The Burgundy wine region, since it doesn't border any seas or oceans, is considered to have continental weather. Just like many parts of the United States, Burgundy has cold winters and hot summers. However, Burgundy has lots of rainfall during the summer heat, whereas the U.S. tends to have drier summers. The land region used to be an ocean floor millions of years ago -- therefore the soil tends to be dominated by limestone, clay and chalk. The six most distinct regions within Burgundy are, from north to south:
- The Cote de Nuits
- The Cote de Beaune
- The Cote Chalonnaise
- The Maconnais
Each region has a different positioning on the land and therefore comprises a difference in its set of elements that affect making a quality wine, including soil and other land conditions, climate and sun exposure. The French call this multi-faceted, micro-climate a terroir. The philosophy of the terroir system posits that even though two wines are created from the same grapes, if those grapes are grown in different areas -- even in neighboring vineyards -- the resulting wines could be very different from each other. Even subtle differences in soil composition or terrain can affect the taste of the grapes, and hence, the wine produced [source: Cannavan].

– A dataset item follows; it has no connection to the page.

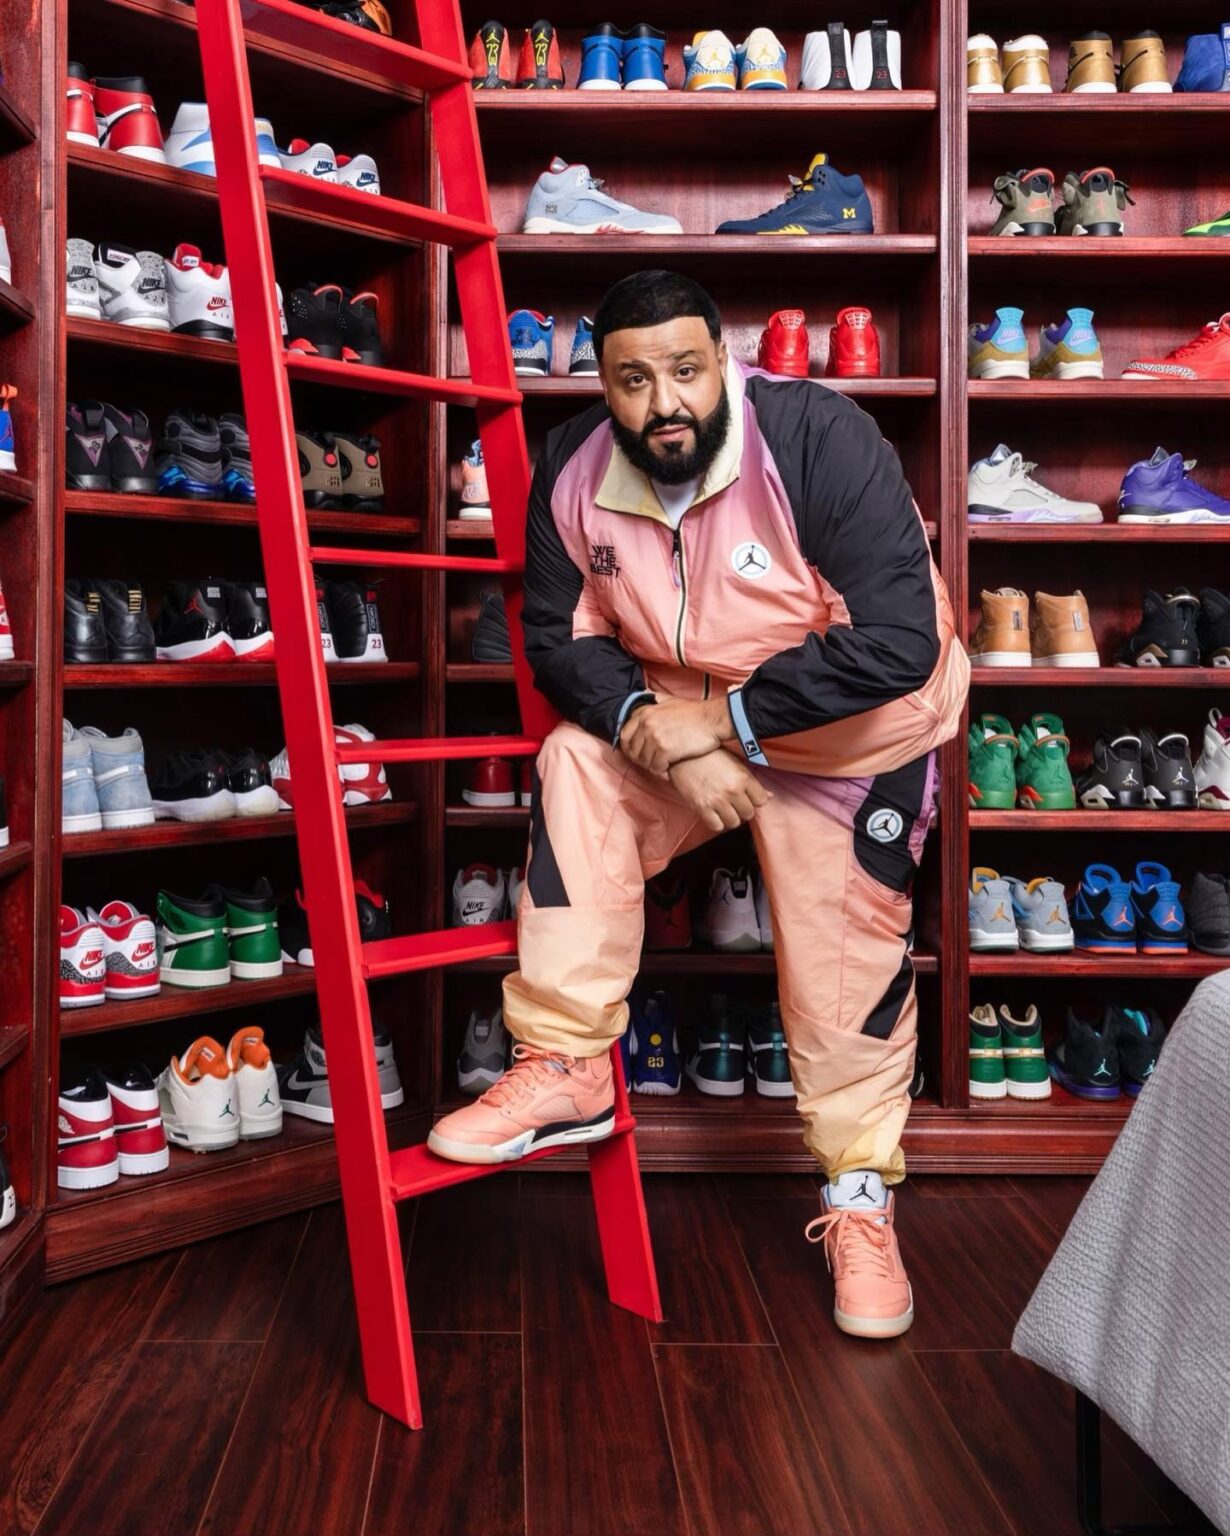 Overwhelmed with the true value of expensive items that DJ Khaled owns

The Chablis region, the northernmost region in Burgundy, often has trouble with temperatures. Summer days are too long and approaching winter days expose the plants to frost. In order to combat the potential harm of extreme temperatures, growers have experimented with windmills, sprinklers and heaters [source: Sonkin].
Aside from temperature considerations and other key elements of a terroir, the growers of Burgundy are concerned with other aspects of viticulture. Selecting the right type of grape, adhering to pruning techniques tailored to area conditions and making sure to choose the best location for the grapes in the soil are all important [source: Burgundy Wines].